Daiyar whirled and took an aerosol-like container from her harness and twisted it. Another mist poured out from it, and intercepted
the cloud of spores—or at least all the ones he could see. Jeremy fought not to hold his breath as they walked on; more and more of the pods back there were bursting.

“You are perspiring. Cease at once,” Daiyar said, her voice muffled by the mask that covered nose and mouth. “The wild spores are most dangerous in mucus membranes but they can sometimes germinate on any damp surface and sweat tends to remove the protective ointment. Then the filaments of their roots can dig deeper into the pores and spread with explosive speed as they consume tissue.”

“Oh, I’ll do my level best not to perspire, despite the clammy heat and the terror,” Jeremy said hollowly, with a brief, horrific flash of the way Sally Yamashita had died. He fought down an insane urge to giggle—the doctor probably believed he
could
stop sweating on command. “You bet, no sweat.”

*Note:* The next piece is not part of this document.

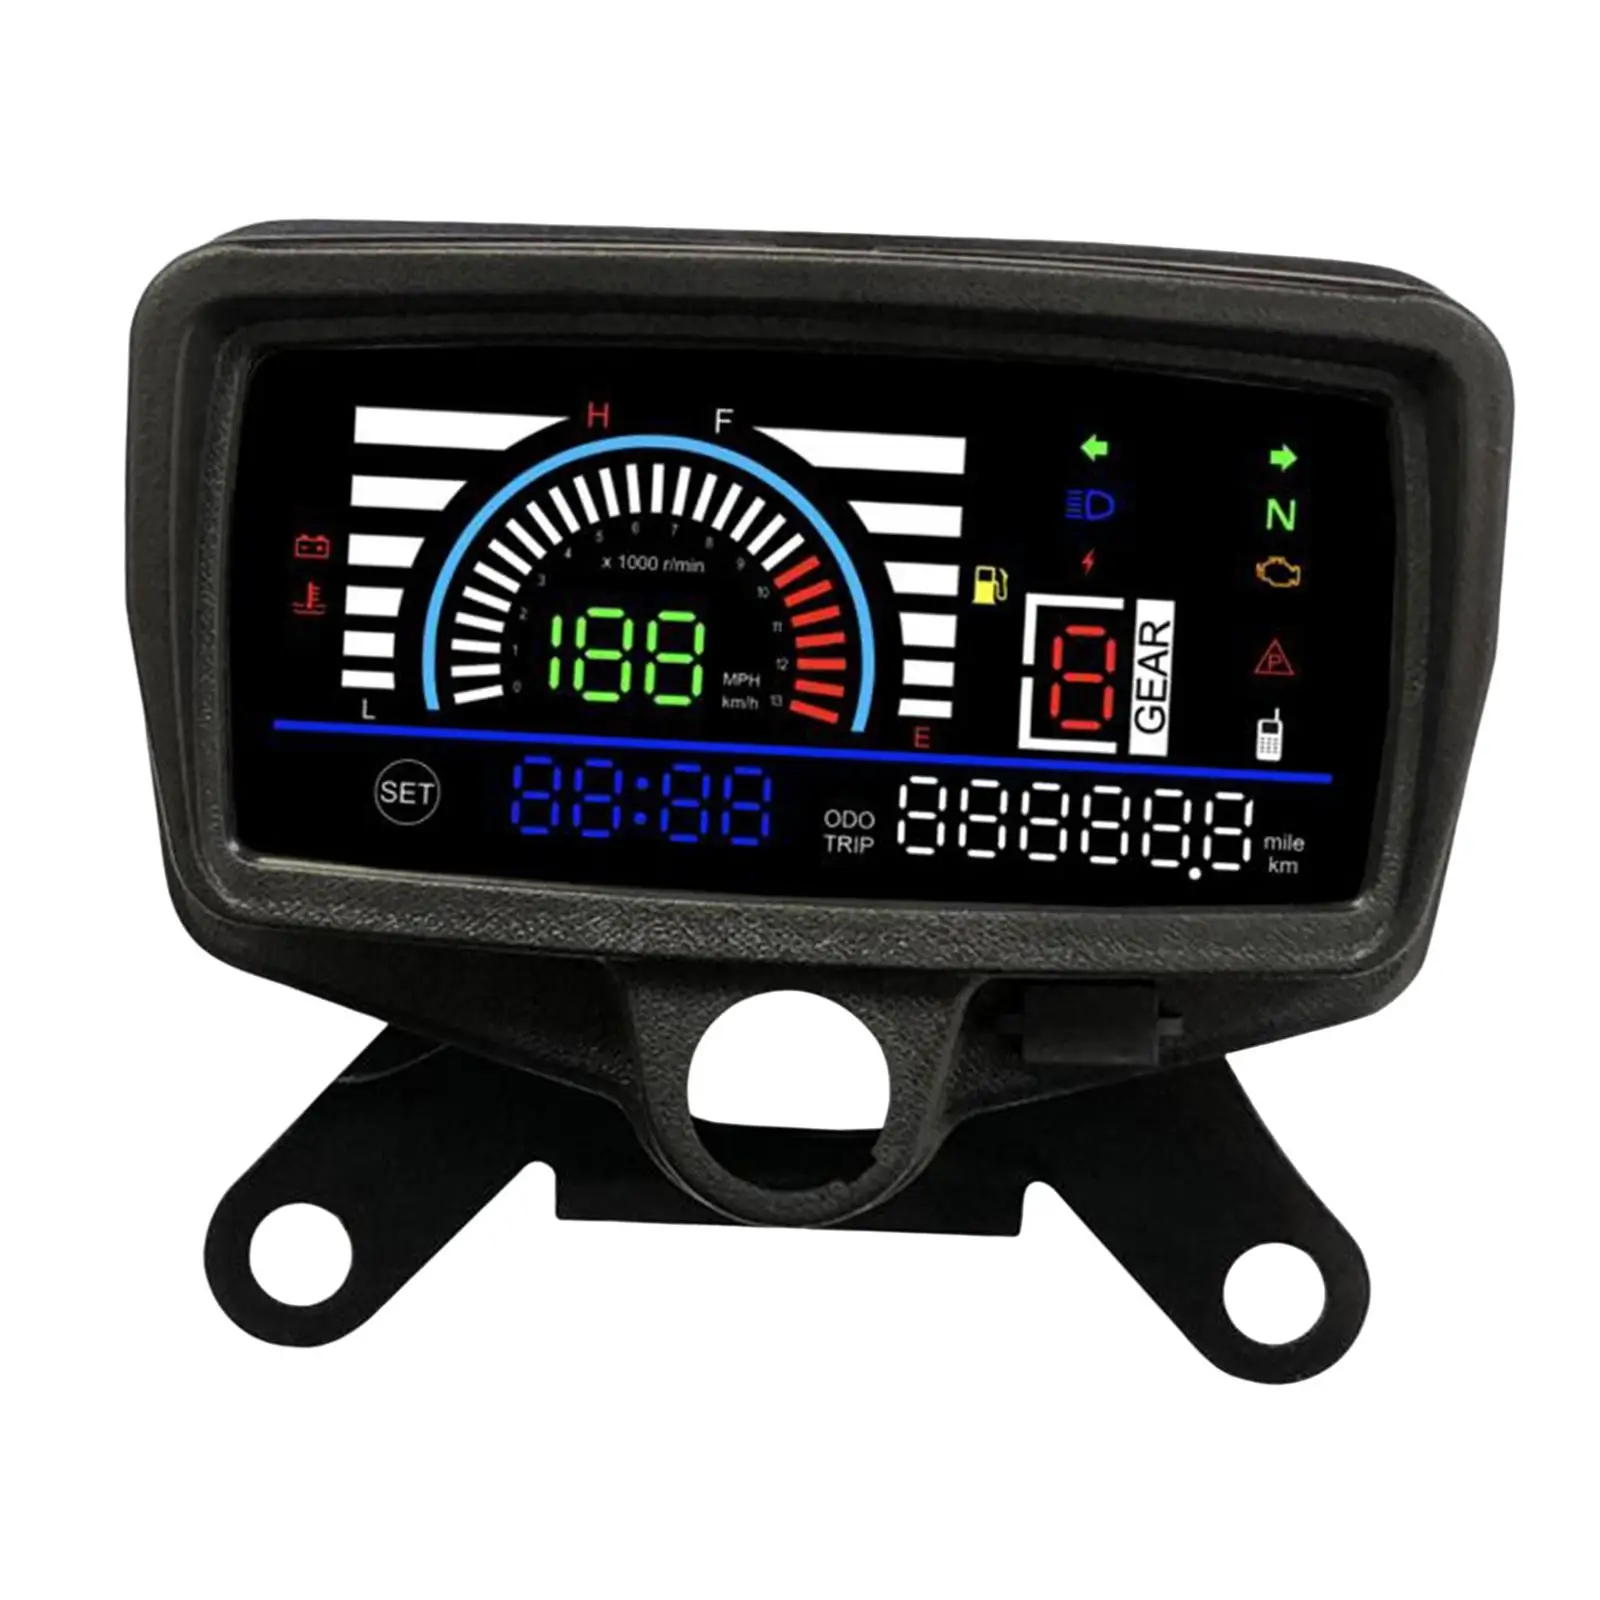 Motorbike LCD Digital Speedometer 12V Odometer Gauge Digital Gauge Instrument for CG125-Cg150 Modification Replace Parts
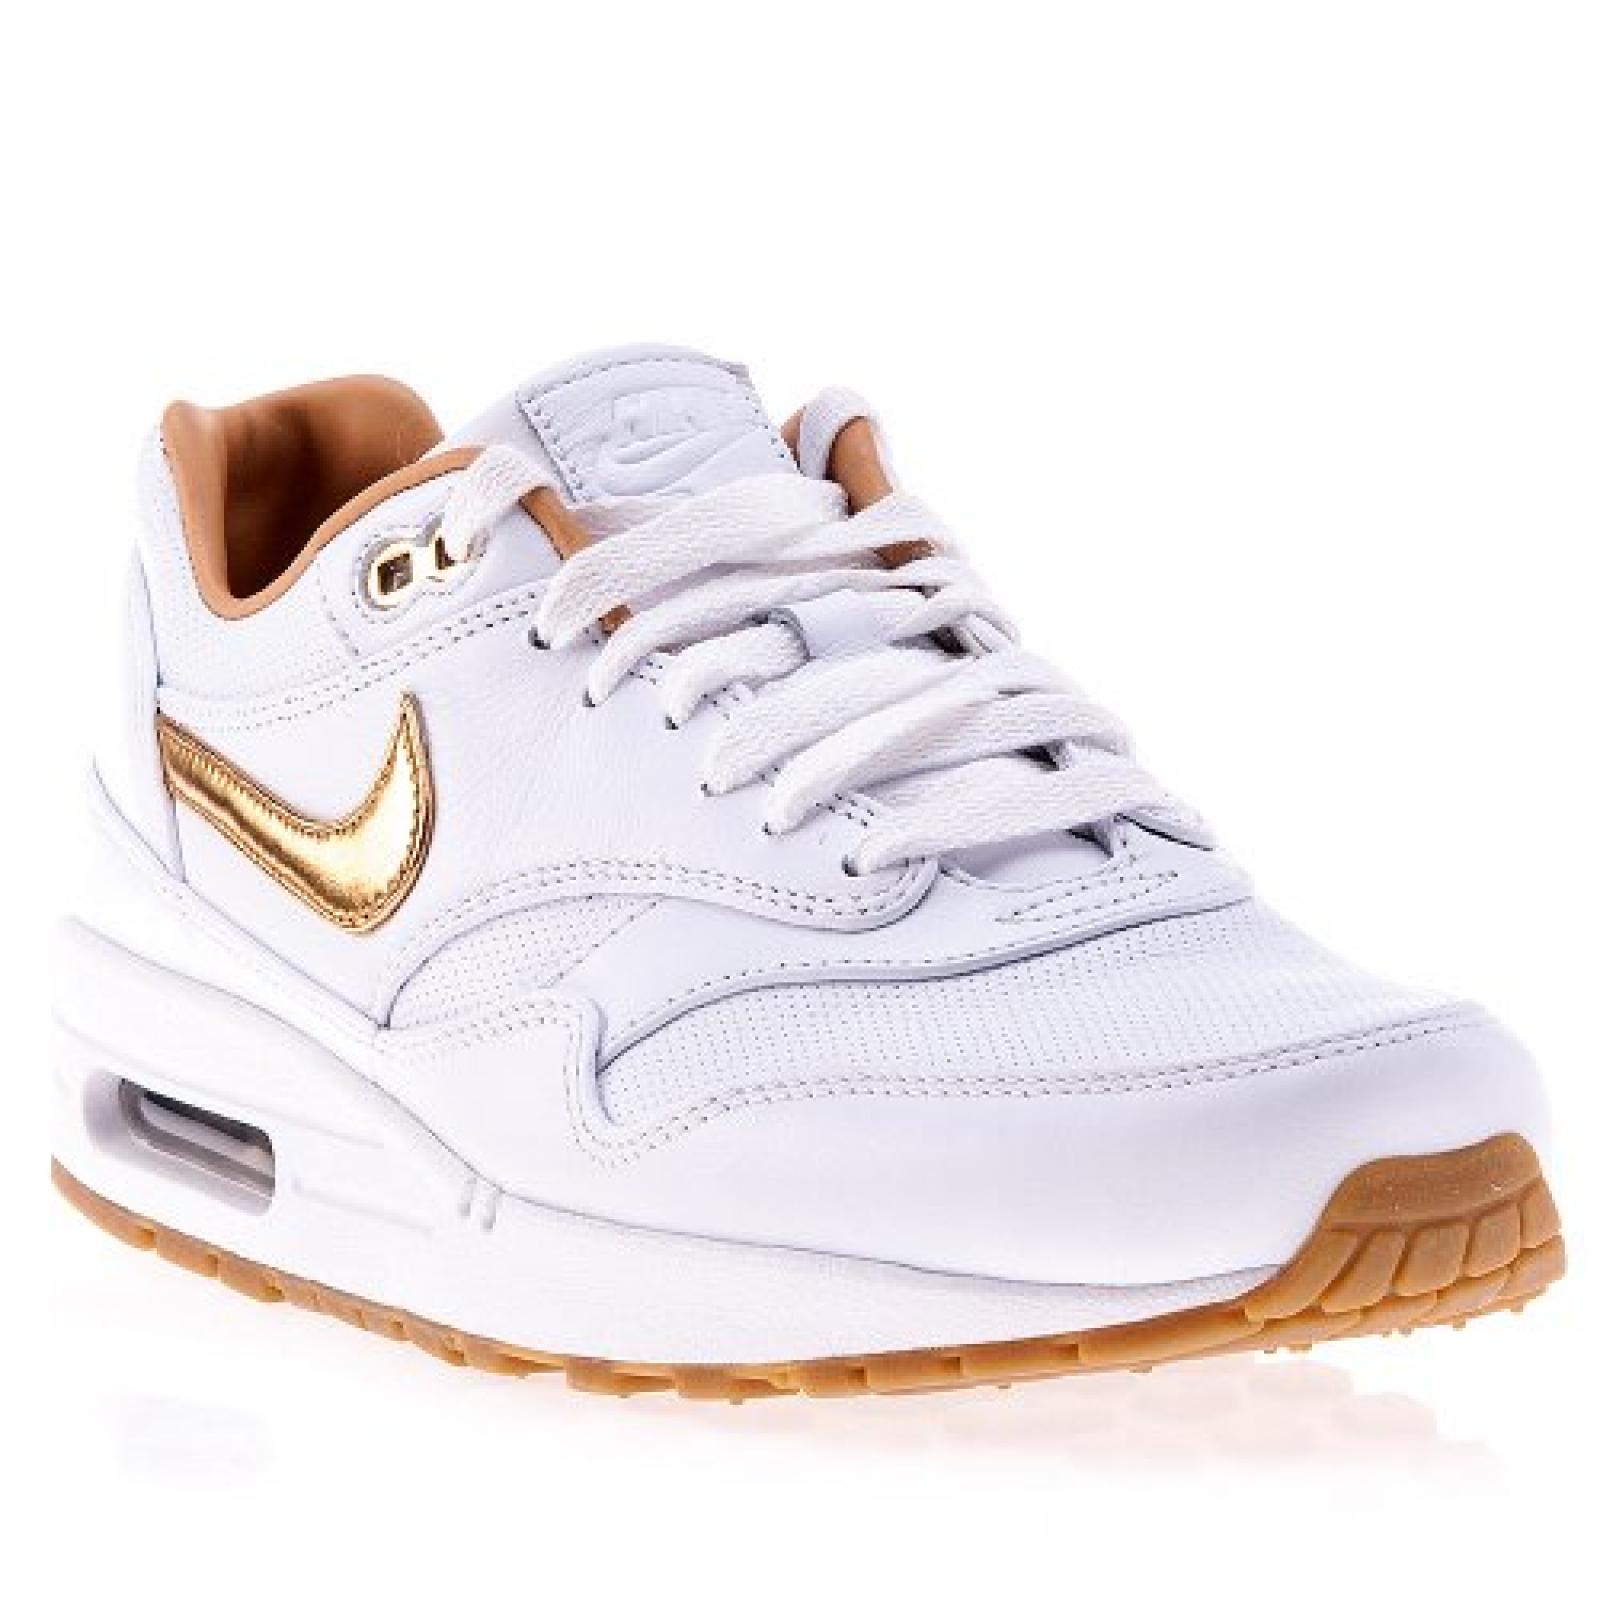 Nike Herren Schuhe "AIR MAX 1 FB WOVEN" white/metallic gold-light brown

The Deep Beyond was looking more and more attractive. At least lethal fungi came there only if someone brought them in.

They walked on toward a clearer patch of flattish rock with only a single massive triangular piece of lava sticking out of it, like a deformed, acne-ridden troll’s nose twenty feet high that trickled smoke from cracks around its base. A shimmering greenish light seemed to hang over it, and Daiyar stopped, looking backward and forward. Her ears twitched.

“What is it?” he asked.

“The heat indicates high-metabolism life forms,” she said.

It did. The first few skittered out of the fissures in the base of the rock as he watched. One made a beeline for his boot, and he stamped in reflex. What he could see when he raised his foot was just like the zombie-rats that had plagued him in the prison cell, the ones he was beginning to remember with nostalgia.

Except that this one was about the size of his thumb, or a large cockroach.

“Rodents of unusual size!” Daiyar said, a frantic overtone in her voice. “Quickly! There will be thousands in a few moments!”

Unusual size?
Jeremy thought—or some part of his mind gibbered.
I thought that meant unusually
large
size! Damn Demotic and damn its precision!